But all these long years later, I understand that wasn’t the point. The point was to do something flawlessly from beginning to end, with tiny perfect stitches, and using the traditional designs in a creative, original way. I can imagine Marilynne Robinson writing Gilead (which took many years – twenty?), every sentence perfect, using the traditional structure of the novel.

Wednesday, December 27, 2006

More Tracing

Wilmot United Church is at the crossroad of King and Carleton, right in the centre of the city. There is no lawn, very little parking, and no room to expand. A while ago, there was talk of selling the church and moving to the suburbs. Our membership was dwindling and there were very few young people, but a series of excellent ministers, the decision to make them into a team ministry, one radical minister, and two women attracted young ardent people. It helped too that the competing United Church hired a fundamental, right-wing minister who drove many of his congregation into our arms.

One Sunday a few weeks ago, there was no room for me downstairs, and I had to go into the balcony. I sat in the second row on the side, and a mother with two active boys, perhaps 6 and 4, sat in front of me. The mother let her 6 year old climb under the railing and into the middle section, and then back, risking a fall of perhaps 30 feet. The 4 year old jumped up and down as if to vault over the railing. A terrifying worship service. I had a momentary desire for the good old days when there was plenty of room downstairs and no children.
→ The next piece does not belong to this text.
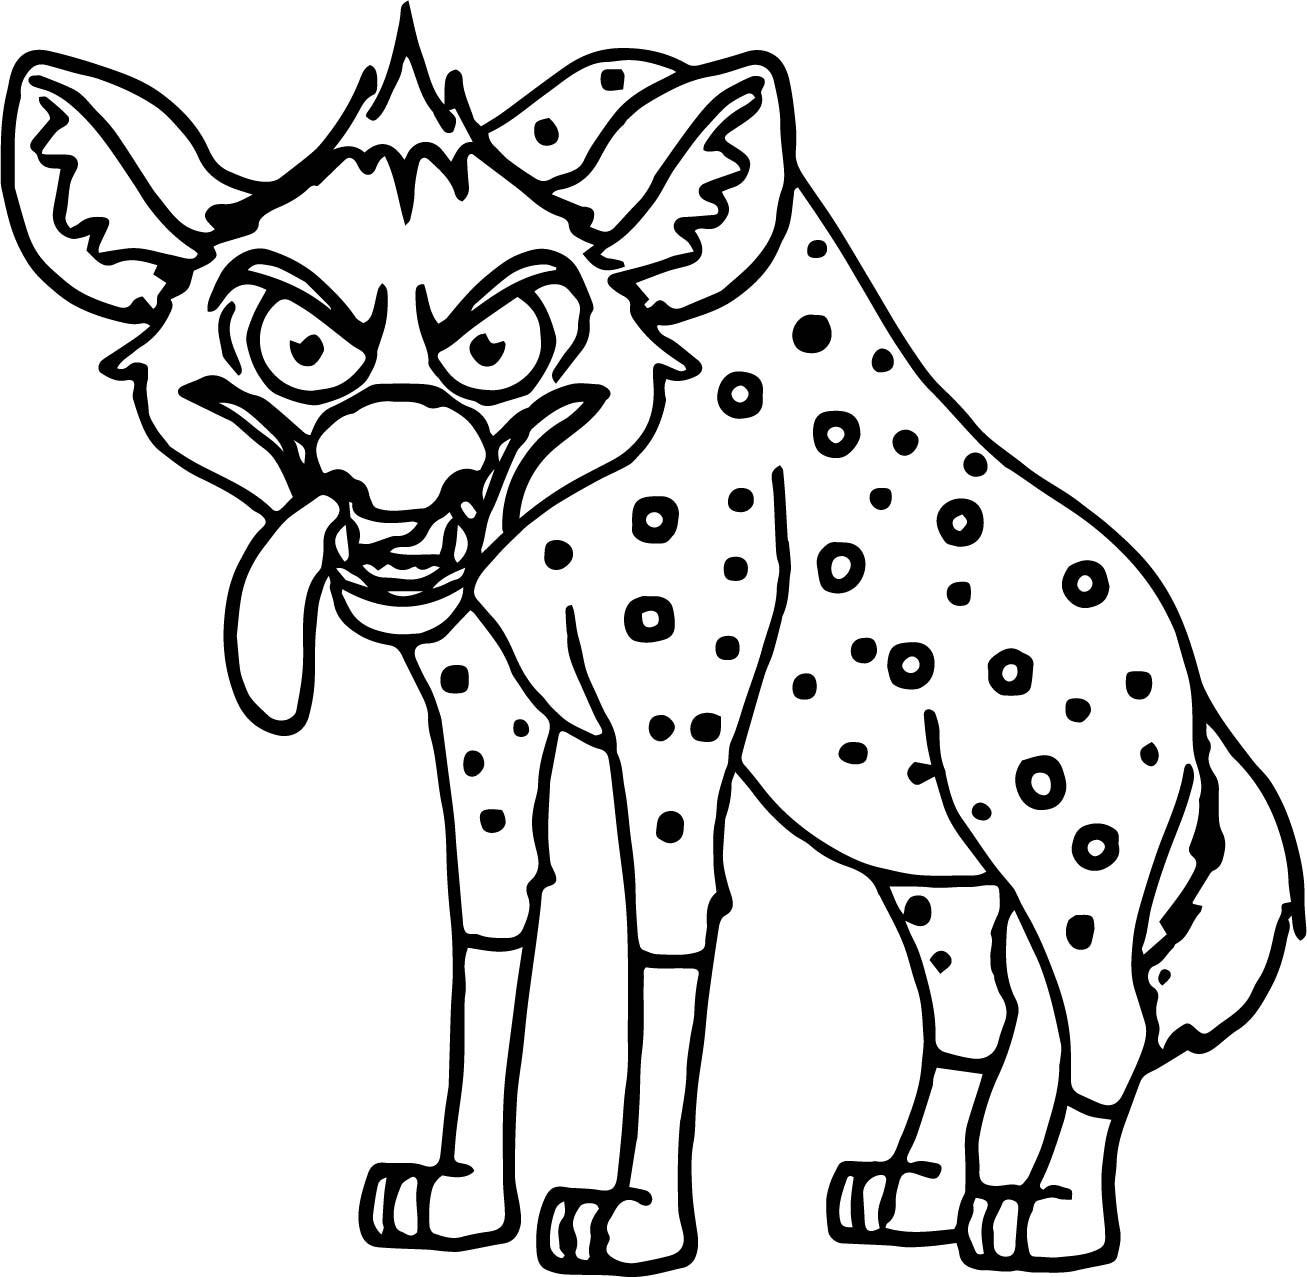 Hyena Coloring Pages
 Angry Looking Hyena Cartoon Coloring Page

When I started attending Wilmot, the minister at that time had a nasal voice, as if he needed to blow his nose. His sermons were uninspired. The music was insipid. After a year I decided I didn’t believe in the trinity and left to attend the Unitarians. A year ago someone told me that often the minister was weeping in the pulpit because his wife was having an affair. This accounted for the need to blow his nose. I felt very bad that I had not been understanding. I am too judgmental, a terrible trait and a bad habit. Resolutions to be better are not enough to conquer this addiction.

I yearn to be perfect. I know I could kiss a leper, like the saints of old did, but I can’t curb my grumpiness. However, I don’t attend church because it will help me become perfect, for I know it won’t, anymore than it will cure my arthritis. I don’t even know why I attend. Attending does punctuate the week and give it order. And there is always the tempting possibility that God will indeed honour us with his presence one day.

Tuesday, December 26, 2006

Back to Tracing

A month or so after we arrived in Fredericton, Bill was scanning the horizon with his binoculars. He came rushing into the apartment. “You’ve got to see this.” Our apartment was perhaps two miles from downtown, partway up the hill. What appeared in the binoculars was a steeple topped by a carved wood hand, the index finger pointing skywards.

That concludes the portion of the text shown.